* WORK TO BE COMPLETED: Where the line holding "Graphicriver - Robo" appears, start copying, and continue exactly through the last line of the listing, skipping pictures.

* INFORMATION SUPPLIED:
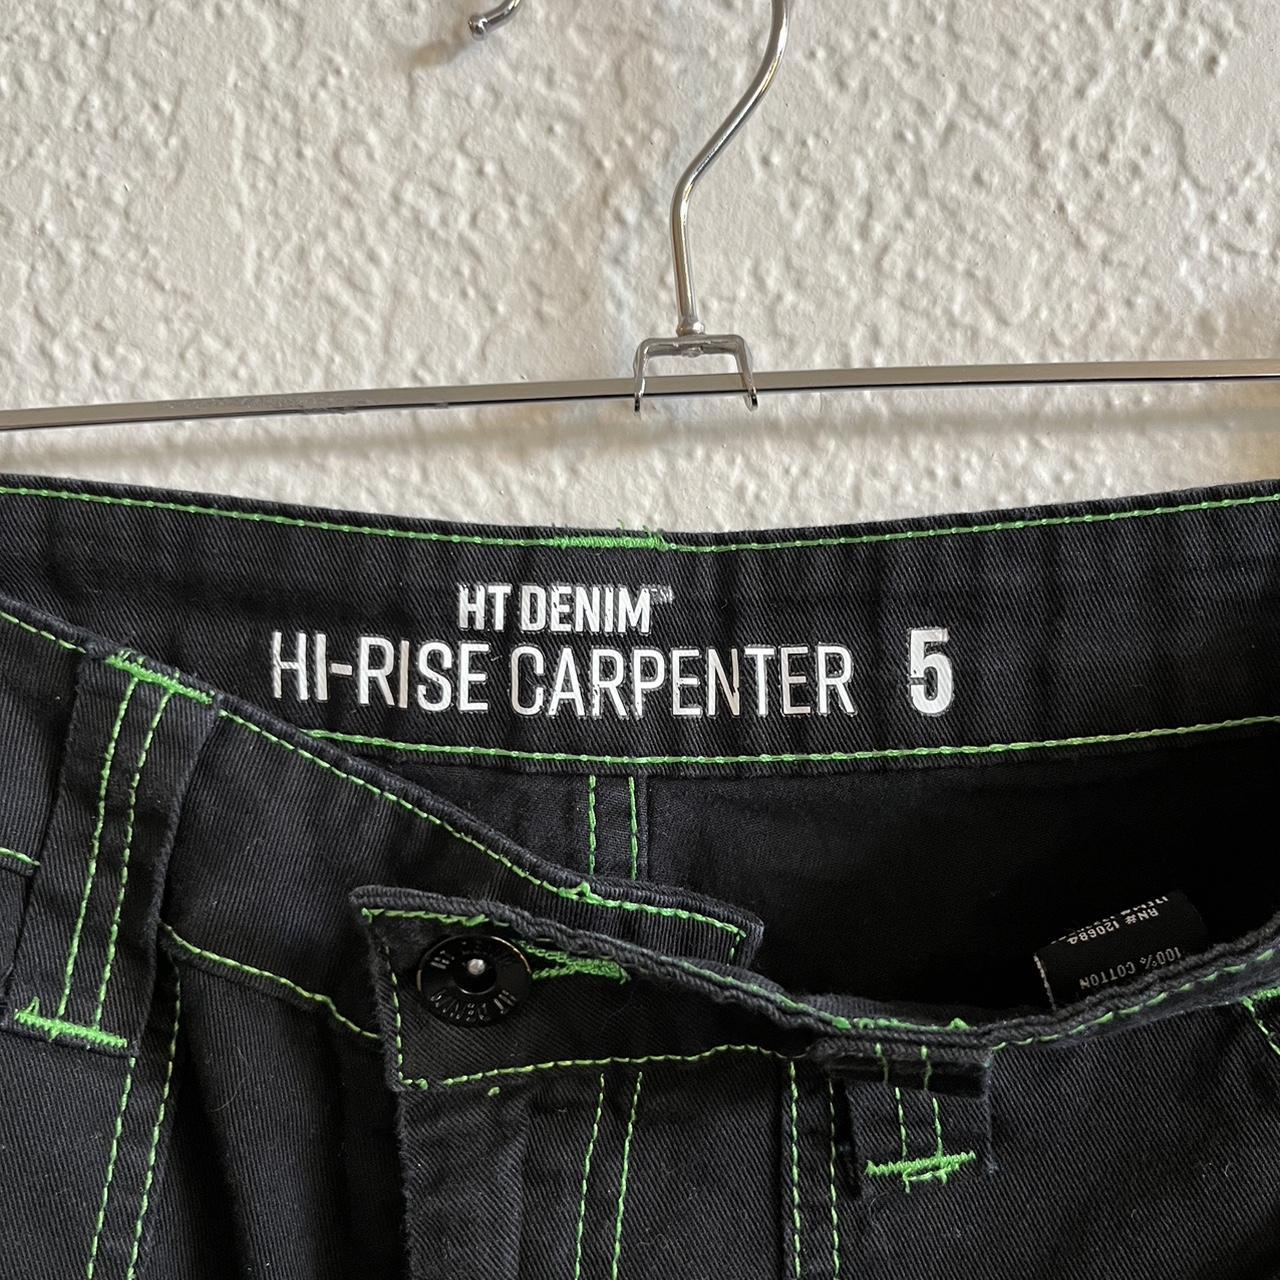 Hot topic Tripp pants size 28 - Depop
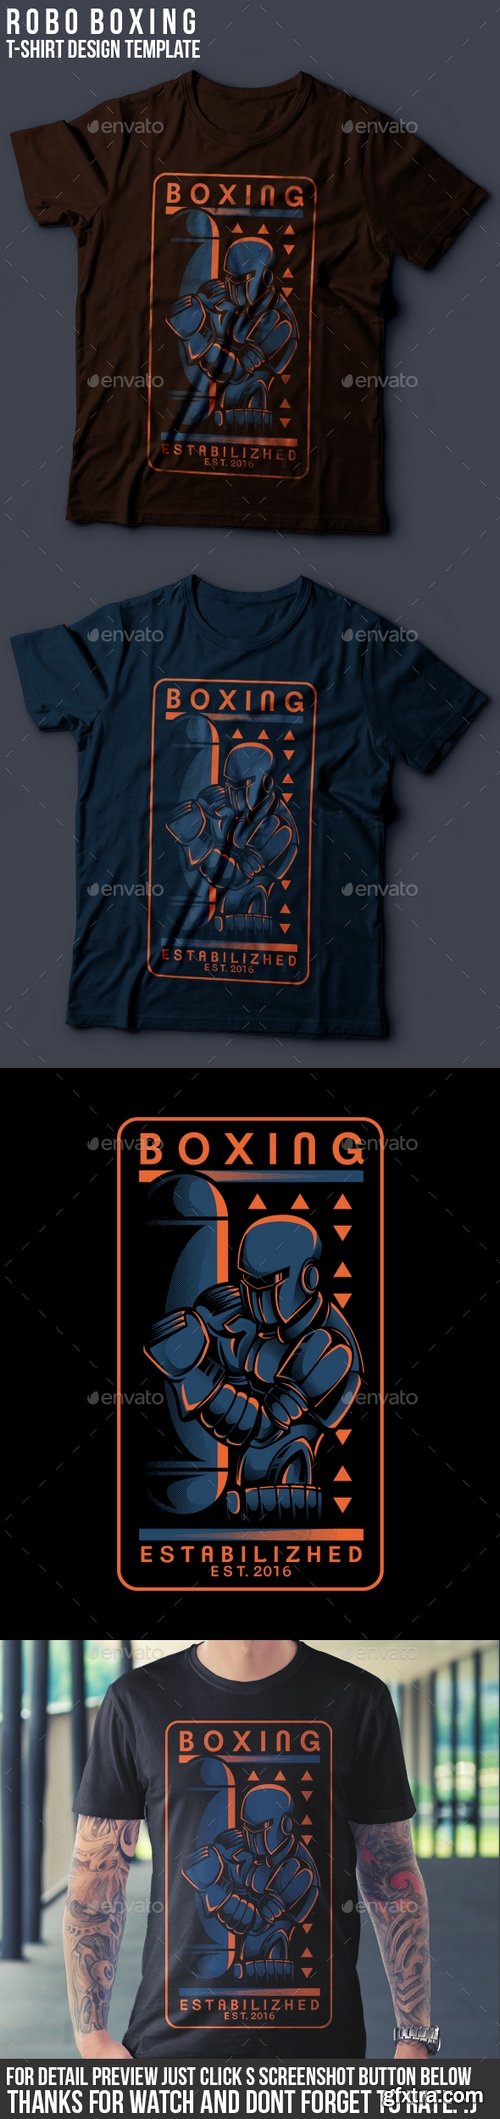 Graphicriver - Robo Boxing T-Shirt Design 18532012
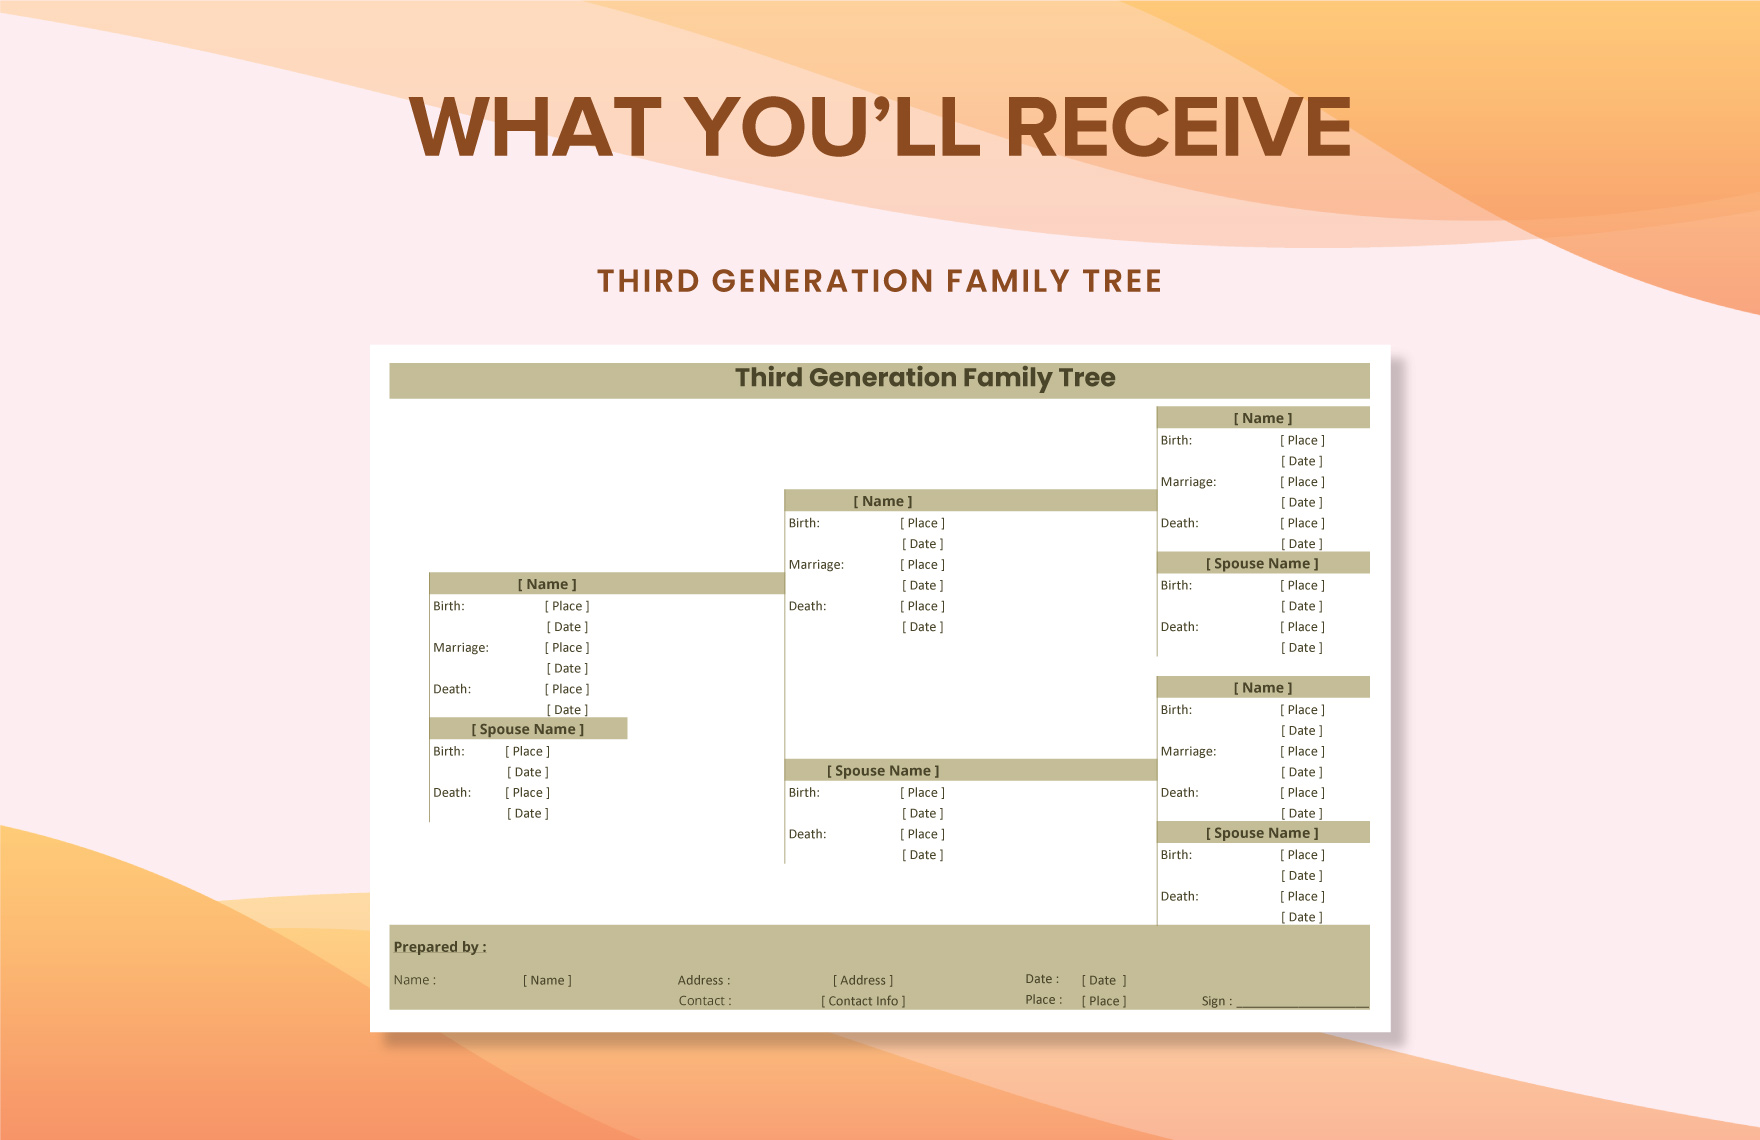 Third Generation Family Tree Template

* RESULT BELOW:
 Graphicriver - Robo Boxing T-Shirt Design 18532012
 Third Generation Family Tree Template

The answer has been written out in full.